UさんはRZ250のカスタム車やレーサーのTZ250も所有するが、このアイデアを具体化するにはプロのアシストが不可欠。そこでローリングシャーシ状態のDXとFZR用エンジンを鈴鹿のモトジョイに持ち込み、佐藤会長にエンジン搭載のためのフレーム加工をオーダー。
ここでダウンチューブを大胆にカットし、シリンダーを抱え込むダイヤモンドフレームが形となった。RZ250のスイングアームを流用し、1970年代のTZ250のようにモノサスペンション化したのも、Uさんのオーダーによるものだ。
骨格作りはプロに委ねたものの、ワンオフハーネス製作やFCR28キャブレターの取り付けはUさん自身が担当。シェイクダウンとなった2023年10月には未装備だったが、現在は排気デバイスのEXUPも作動するようになり、今後さらなるセットアップを進めていくそうだ。
【YAMAHA FZR250R】ライダーUさん
フルスケール2万1000rpmのタコメーターが迫力のメーターまわり。電気配線は純正ベースに大改造を施して製作。セッティングを詰めて1万8000rpmまで回すのが楽しみ。
キャブセッティングの参考にするべく、エキゾーストパイプに空燃比計のセンサーを追加。走らせる以上完調で、という意気込みが感じられる。
ステアリングヘッドパイプからシリンダーヘッド、そこからクランクケース上に延びたエンジンハンガーパイプのレイアウトがよく分かるカット。経験豊富な佐藤会長ならではの大胆なデザインだ。
シートレール下にモノクロスサスペンションのショックアブソーバーが横たわり、その前方にダウンドラフトFCRのファンネルが口を開く、メカ好きにはたまらないアングル。
フロントフォークとブレーキキャリパーはTZ250(26J)用を装着。ラジエーターはRZ250用の社外アルミ製で、フルストロークで干渉しないようクリアランスを確保。

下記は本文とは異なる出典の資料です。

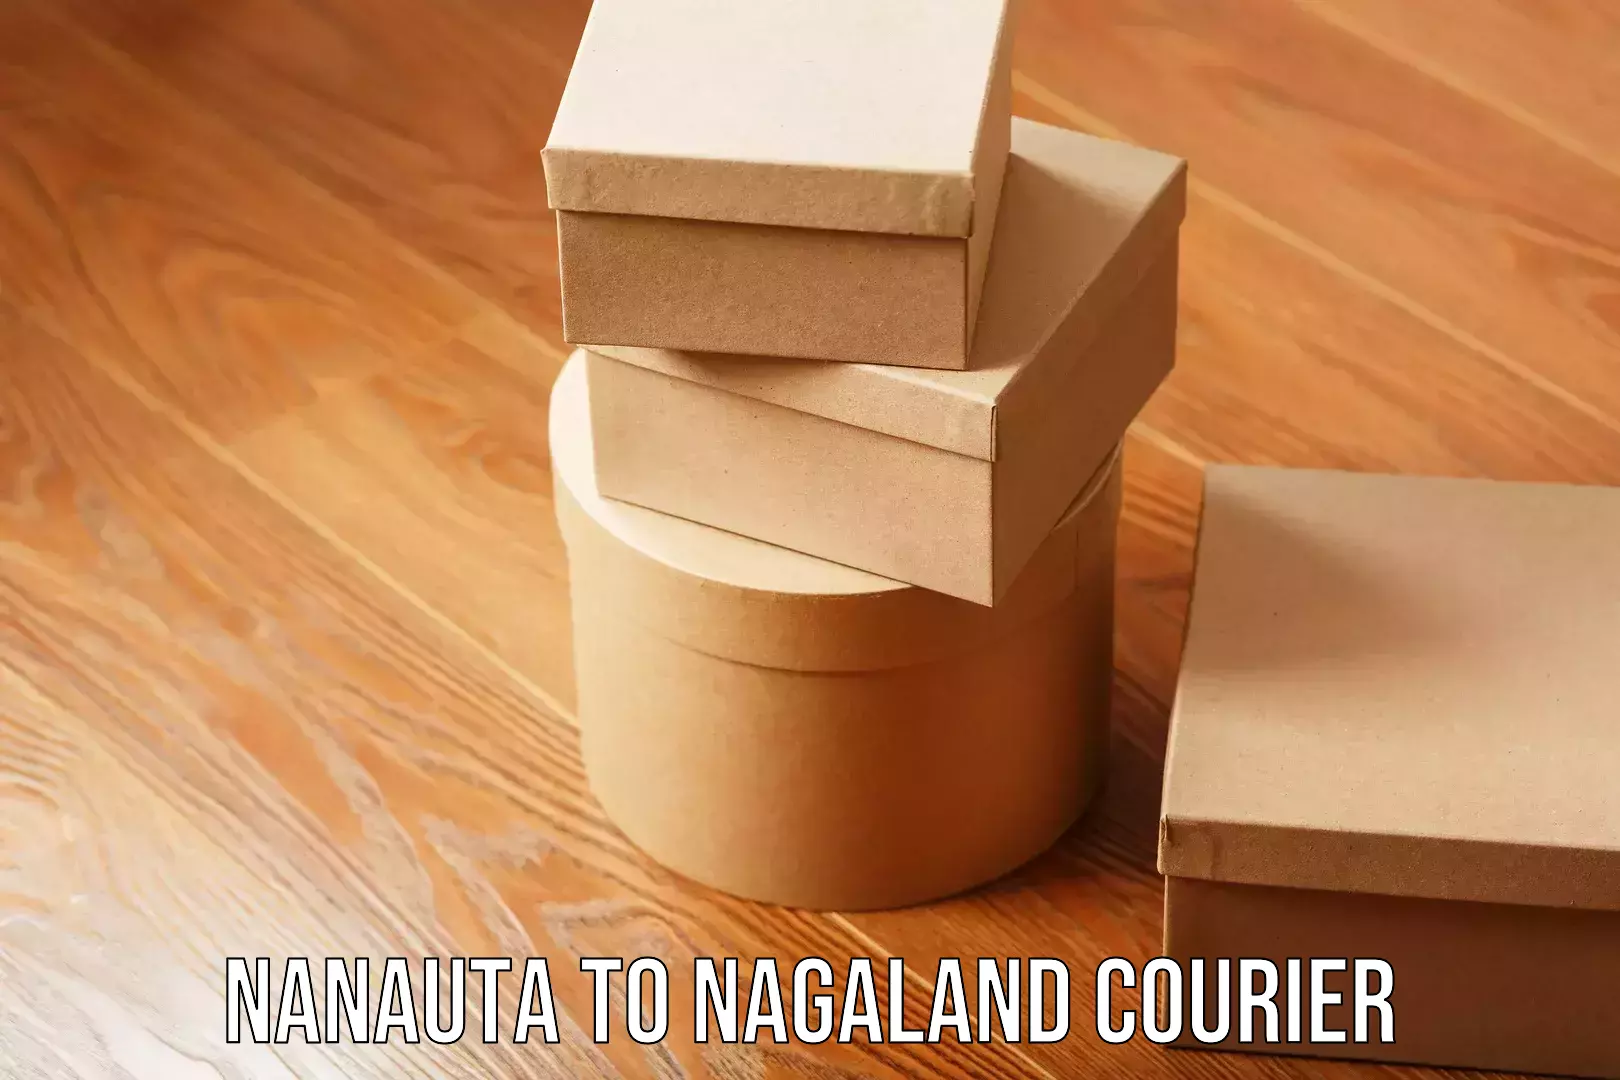 Household moving experts Nanauta to Nagaland

マフラーは1970年代の4ストロークレーサーに倣った直管仕様。RZ250用スイングアームに収まるスポークホイールのハブはSR500用で、ブレーキはワイヤー引き。
フレーム製作はモトジョイに依頼
既存のDX250フレームに4気筒エンジンを搭載するにあたり、スイングアームピボットとドリブンスプロケットの位置関係、クランクケースの角度を調整しながら追加フレームの位置と形状を検討するモトジョイの佐藤会長。既存フレームの改造は、図面より現物ベースで行う工程が垣間見える。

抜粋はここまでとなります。